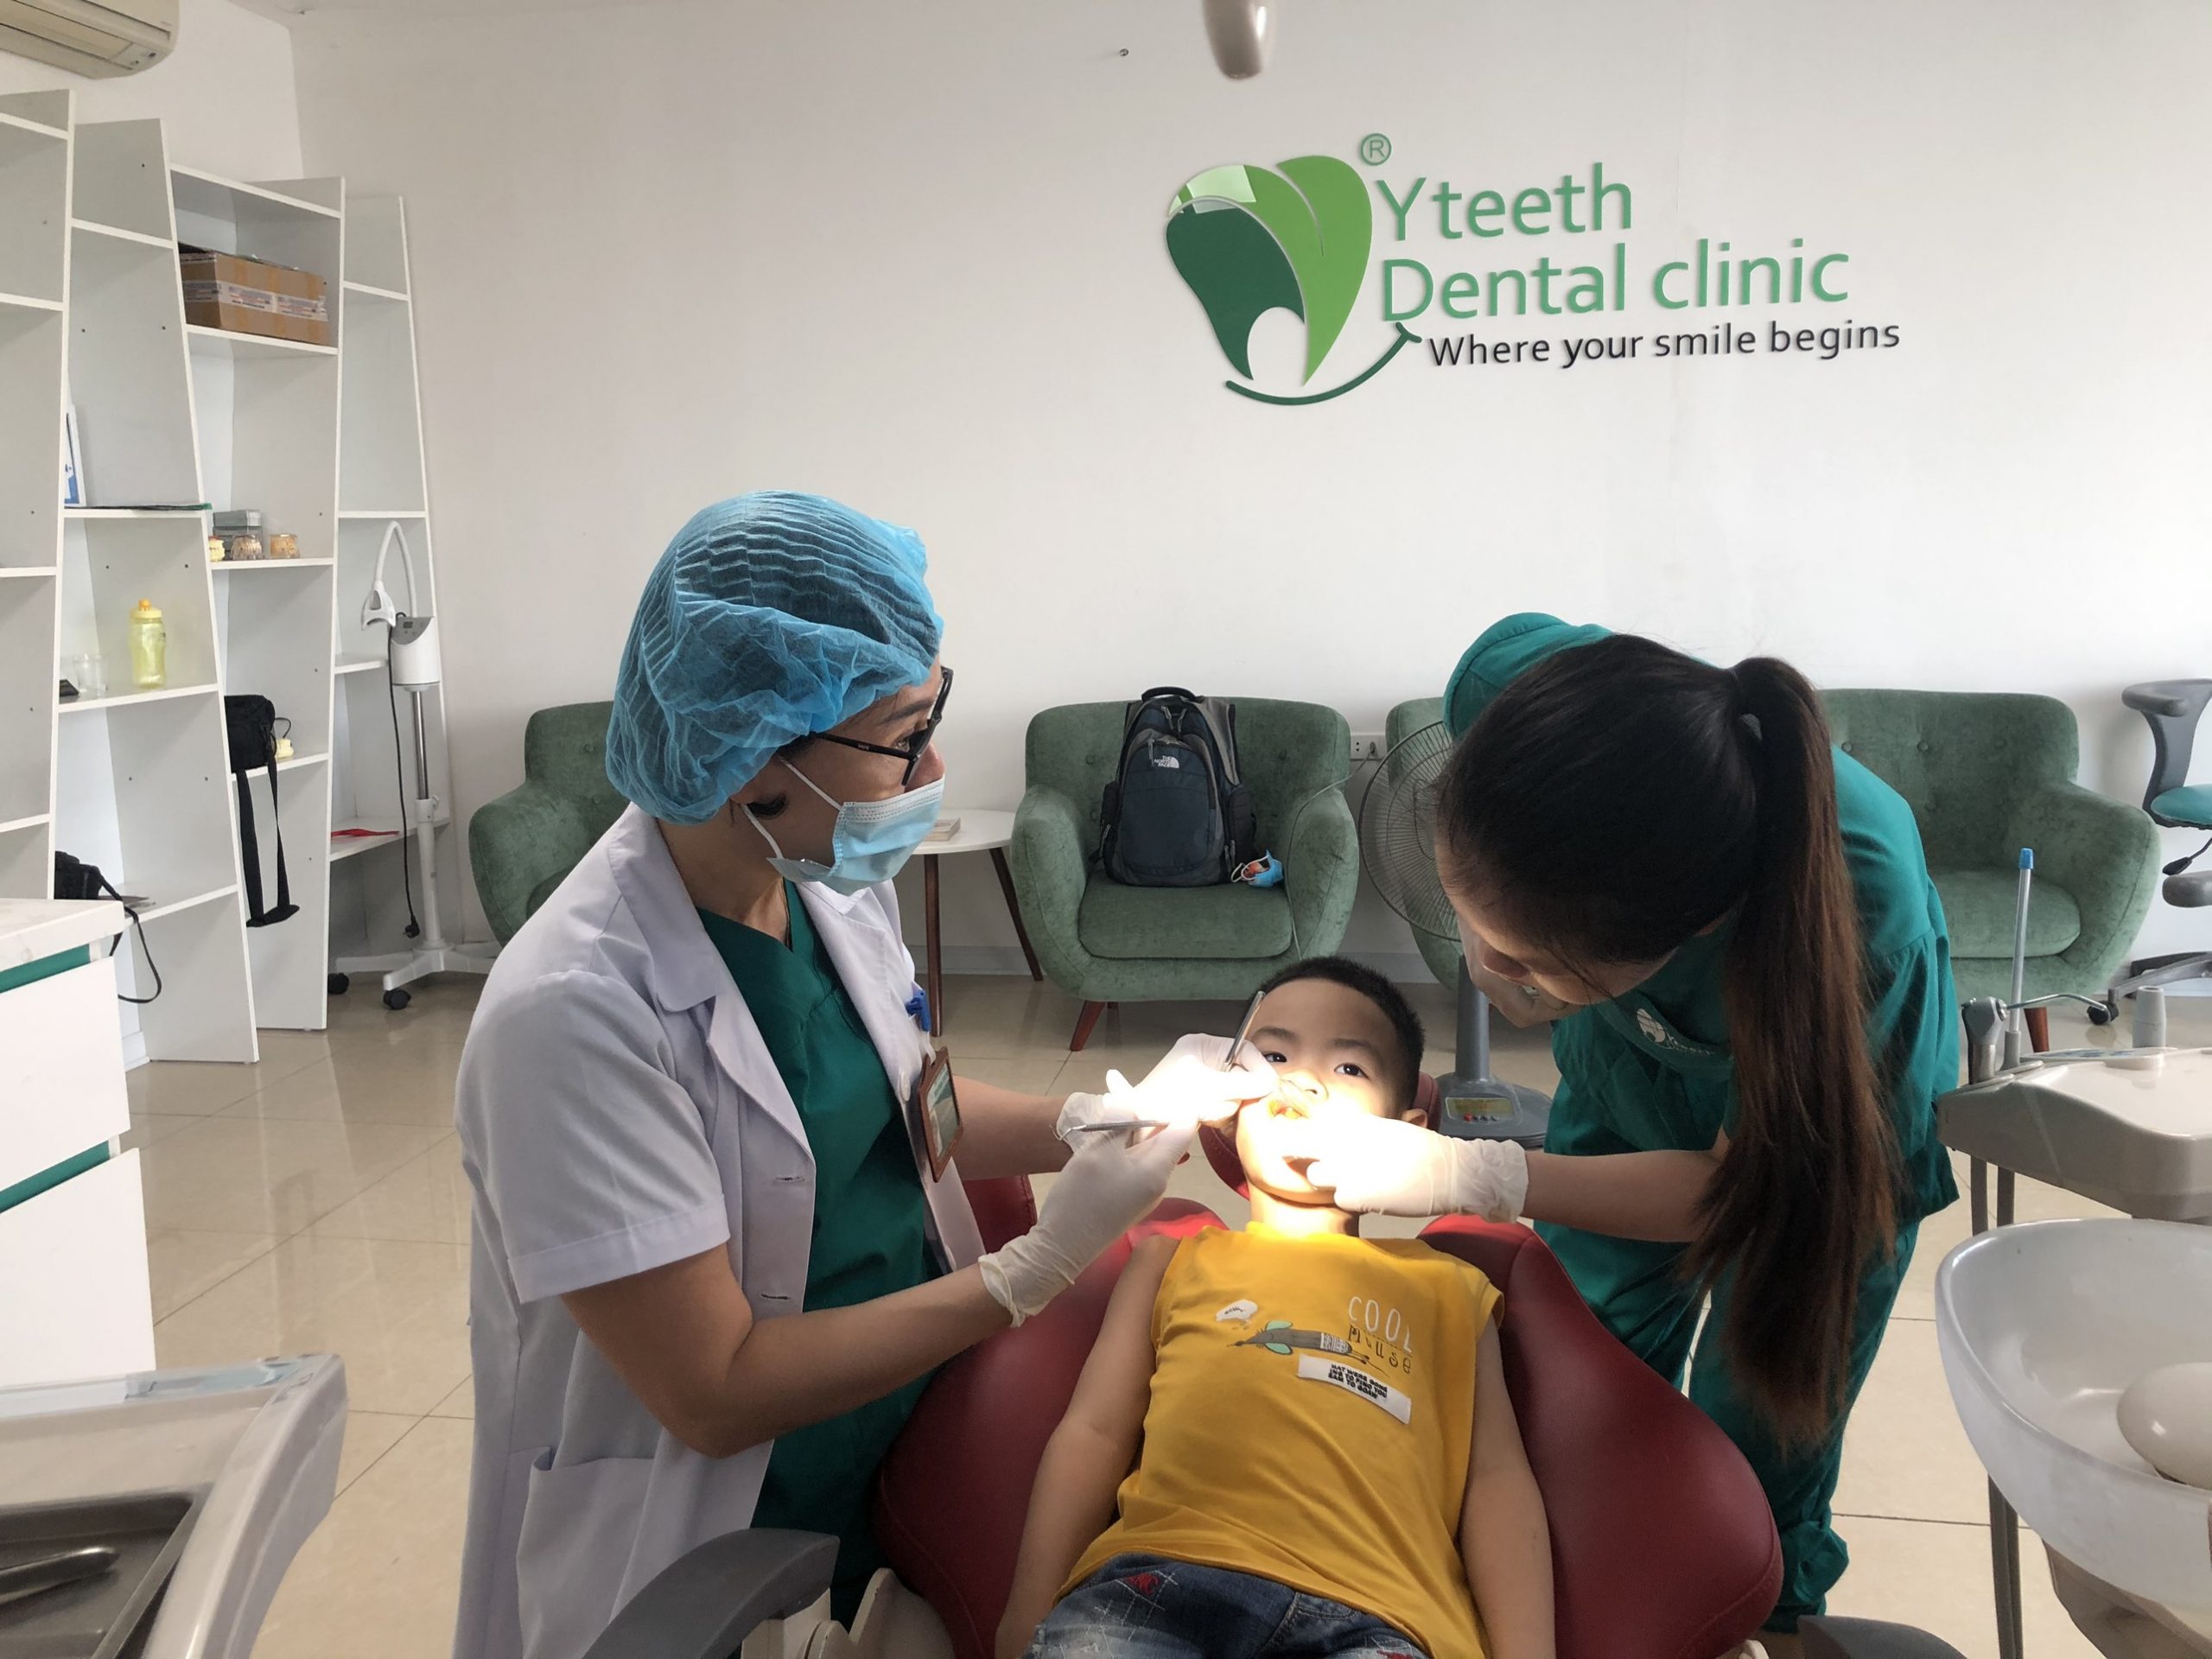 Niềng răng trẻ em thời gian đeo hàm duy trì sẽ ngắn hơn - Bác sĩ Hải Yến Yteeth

---

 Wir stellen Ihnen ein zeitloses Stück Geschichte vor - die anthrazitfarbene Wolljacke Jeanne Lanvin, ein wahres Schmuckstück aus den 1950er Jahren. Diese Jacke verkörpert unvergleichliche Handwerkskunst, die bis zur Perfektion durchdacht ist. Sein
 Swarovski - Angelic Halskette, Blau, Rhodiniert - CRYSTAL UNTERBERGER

● **DIRECTIONS FOR THIS TASK**
What are the lines, exactly as written above, from the line with "Wir stellen Ihnen" to the line with "Swarovski - Angelic", both included? Output only those.

● **YOUR SOLUTION**
 Wir stellen Ihnen ein zeitloses Stück Geschichte vor - die anthrazitfarbene Wolljacke Jeanne Lanvin, ein wahres Schmuckstück aus den 1950er Jahren. Diese Jacke verkörpert unvergleichliche Handwerkskunst, die bis zur Perfektion durchdacht ist. Sein
 Swarovski - Angelic Halskette, Blau, Rhodiniert - CRYSTAL UNTERBERGER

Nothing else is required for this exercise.